The school being one room with eight grades, there was a great deal to learn besides first grade reading. I soon developed the habit of listening to the teacher's lectures to all the other classes instead of doing the exercises assigned to the first grade students while the teacher taught the other classes. This advanced knowledge served me well when I officially entered school two years later.

Familiar Neighbor's Names

"Old" John Mitchell;
Rubeen and Wes Mitchell;
Minnie and Walter Murphy;
Clare and Glenn Wright, with sons Stan and Charles;
Rita and George Schaeffer, with children Jim and Marilyn;
The Glousers;
The Johnsons and son Chester;
The Dodrells;
The Dyers;
The Hiettes;
Mickey, who lived on the hill northwest of our house;
Joe Shoaf.

Night Filming at Vasquez Rocks

One evening, probably in late 1931 or early 1932, we drove to Vasquez Rocks to watch a film crew. The scene being filmed was of a horseman fleeing a group of riders. The single rider rode to the crest of a rock or cliff and jumped his horse off into a pool. I remember the large pool, surrounding cliffs lined with huge carbon arc floodlights illuminating the scene and the horse and rider landing in the pool. I also seem to remember a waterfall landing in the pool. Years later I tried but was unable to locate such a waterfall and pool. It must have been a mile or less southeast of the large trademark rock formation often shown in movies and commercials.

Agua Dulce Entertainment

My brother and I spent much of our time at Grandma's house, barn and garage. The garage contained, in addition to Grandma's seldom driven Model T sedan, a big windup phonograph and a large collection of records. Bud and I would spend hours cranking that phonograph and listening to "Barney Google and his goo-goo-googley eyes". The rickety, vacant old barn was also a big attraction with its second story hayloft. Cousin Charles, about three years older and a "man of the world," often met us there. We planned many an escapade with his help. Most, like flying our homebuilt airplane, a box with two wheels and a board nailed on for a wing, were foiled by parental intervention. We had planned to push Charles out the second floor loft door and watch him fly. One plan, however, did reach fruition, an unescorted trip to Vasquez Rocks. Eight-year-old Charles on his bicycle, 4-year-old Bud on his tricycle, and I, five years old on my bicycle, set out for the Rocks. We reached the large entrance formation uneventfully and undiscovered. After several hours of climbing and exploring we became hungry and headed home. Bud, on his tricycle was a little slower than Charles and me on our bicycles. Consequently when we met a very concerned group of searchers (Grandma, Mom, Dad and Charles' mother and father) Bud was nowhere in sight. We quickly backtracked and found him safe and sound but a little disgruntled. I was treated to a very forceful lecture about my responsibility to oversee and protect my little brother. The presence of cousin Charles, three years older, did not relieve me of that duty.

1942 Return to Agua Dulce

The Spring of 1942 found me 16 years old and a student at Grossmont High School east of San Diego.
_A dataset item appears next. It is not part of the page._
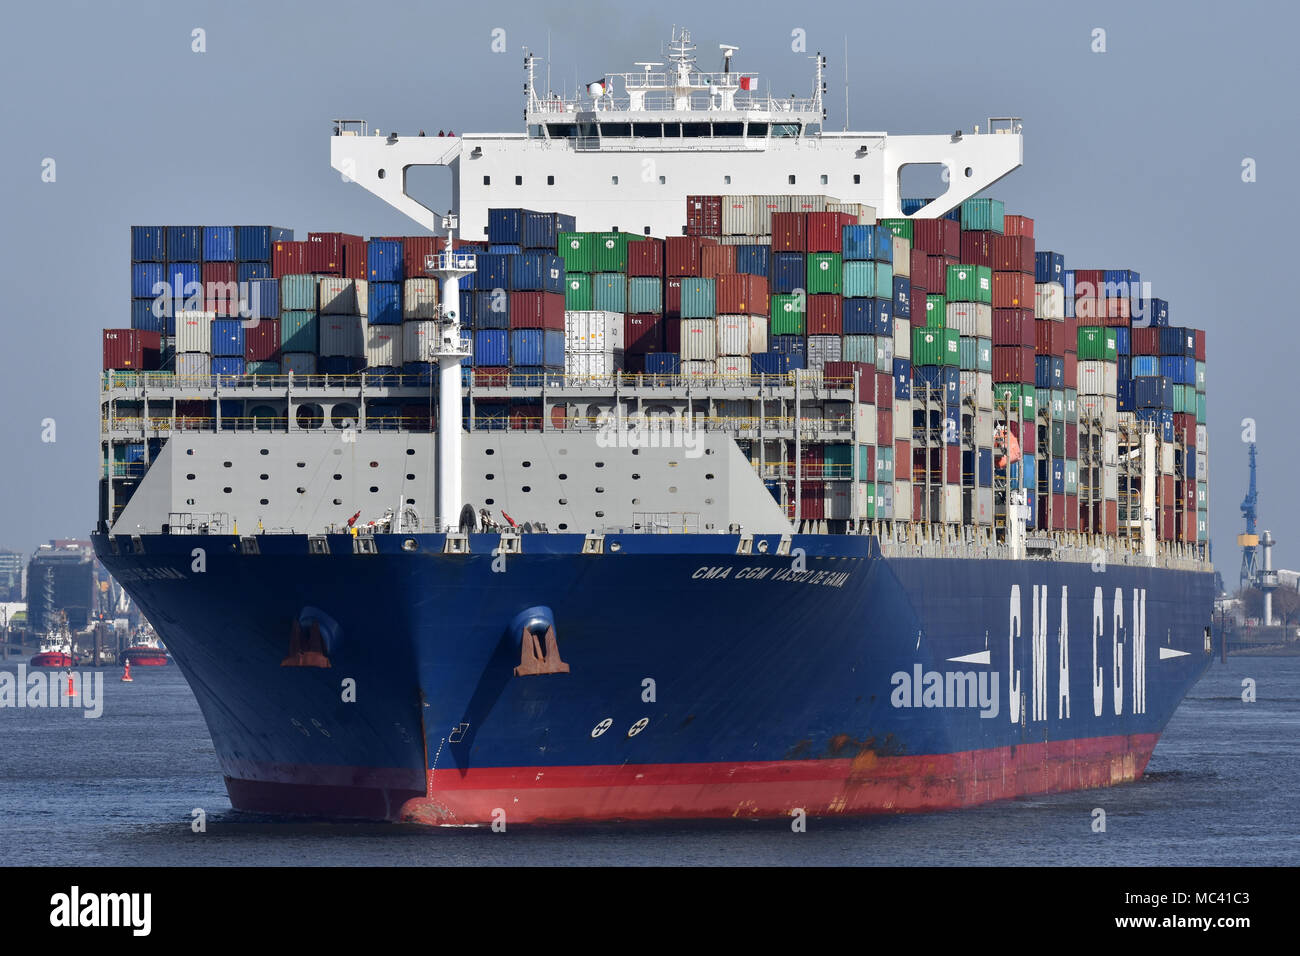 CMA CGM Vasco de Gama outbound from Hamburg - Stock Image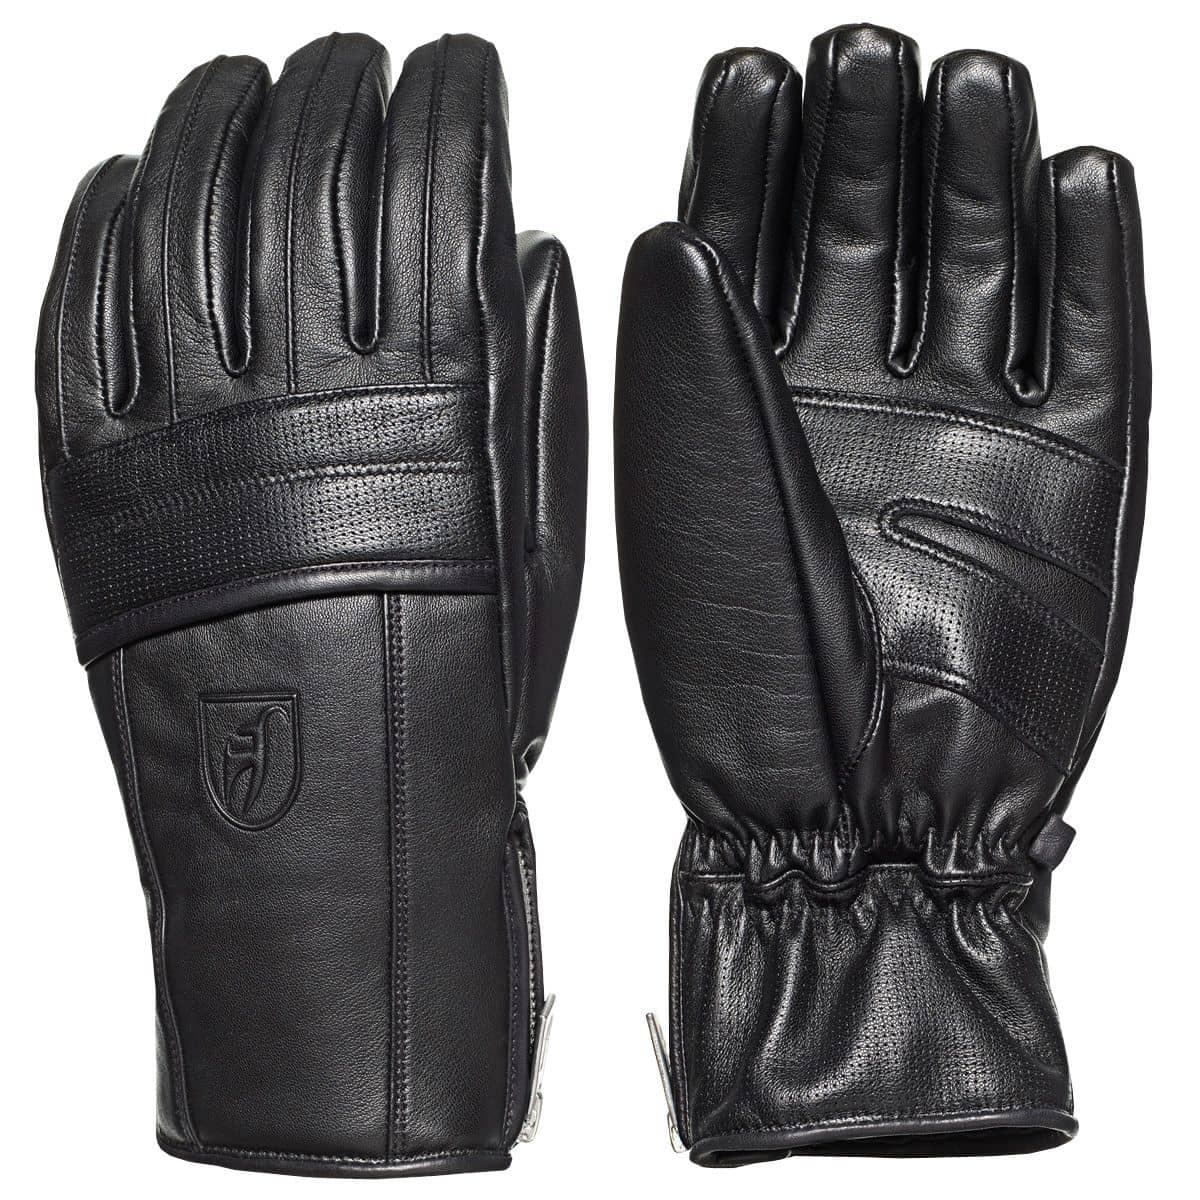 Toni Sailer Jace Glove black

I had a new drivers license so my friend, Gale Scott, and I entered a Santa Monica tennis tournament. We were allowed to drive my Father's pickup truck to the event. Afterward, I wanted to see for myself the destruction caused in Soledad Canyon by the flood a few months earlier. We turned off the Sierra Highway at Solemint. There was little damage until we neared the Murphy driveway. Near that point the heavy railroad bridge from above Sulphur Springs lay twisted and rolled into a ball. Much of the new section of Soledad Canyon Road below the mouth of Agua Dulce Canyon had been undercut and washed away. Just up Agua Dulce Canyon we turned right into the Schaeffer drive and I could see that water had cut a channel about six to eight feet deep through their fruit orchard. About half of the trees had disappeared without a trace. We continued up Agua Dulce but the upper end was completely undisturbed. The flood seemed to have been quite localized.

While driving on what I believe is now called Tyndall Road I noticed a mailbox with the name Ferdinand Held, which puzzled me a great deal. When I returned home Dad said yes, that is your grandfather. I had never heard his name mentioned and never met him. I planned to go back and find him but the next year I joined the Army Air Force and after the war ended, I completely forgot the episode. Any information about Ferdinand Held would be greatly appreciated.

Borax Mine

My father and his older brothers worked at the Sterling Borax mine in Tick Canyon from about 1918 until it closed.

Dad started as a kid and he told the story of how he learned to swing a double sledge. He started as part of a team of three men who drilled holes in the mining face for dynamite. One man would hold a long star drill against the rock face with a man swinging a large, long-handled sledgehammer standing on either side. The tool holder stood astride the drill and facing the drilling wall. The end of the drill protruded out behind him. His job was to turn hold the drill in place and turn it before each hammer blow. These blows were struck with great force, alternately by the men with the sledges. The men with the hammers developed a rhythm and an accuracy that was amazing. All the while the foreman walked back and forth behind the men urging more speed and more power. Day after day, hour after hour with only a short lunch break. This was the life of a miner before the advent of the powered jackhammer.

After a time, Dad was promoted from tool holder and given a hammer to replace the drill. He proudly picked up his hammer, took his first mighty swing and missed the drill, hitting the new holder instead. You can imagine how hard it was to get someone to hold a tool for Tony Held after that.

Years later, when I became tired while loading bales of hay, sacks of wheat or boxes of lemons, I would be reminded of Dad swinging a double jack with a foreman pacing back and forth behind him yelling, "Faster, Tony, quit loafing," hour after hour, day after day.

Dad later became the engineer for the mine railroad and hauled supplies from the main line at Sulphur Springs to the mine. He later worked as an assistant to the mine electrician until the mine closed. He probably received this last job after an unfortunate incident in which the locomotive jumped the track and ended up on its side in a gulch.

My father also told of the times his older brothers were late starting to work so they would run up the east side of Saddleback Mountain and slide down a ventilation shaft into the mine so as to be at work on time.

Once, about 1938, my brother and I wandered off while Dad and Mom were visiting Uncle Ott and Aunt Kate. We climbed up the side of Saddleback Mountain and found an old tunnel. We followed it about 100 or 200 feet back into the hillside. It ended at an old sealed wood door. After examining the door we started back out but at the tunnel mouth the temptation was too much and we threw two or three rocks at a large rock projecting from the tunnel ceiling. When one of the thrown rocks hit the boulder in the ceiling, it broke loose and the whole ceiling collapsed. That was our last exploration of forbidden abandoned tunnels.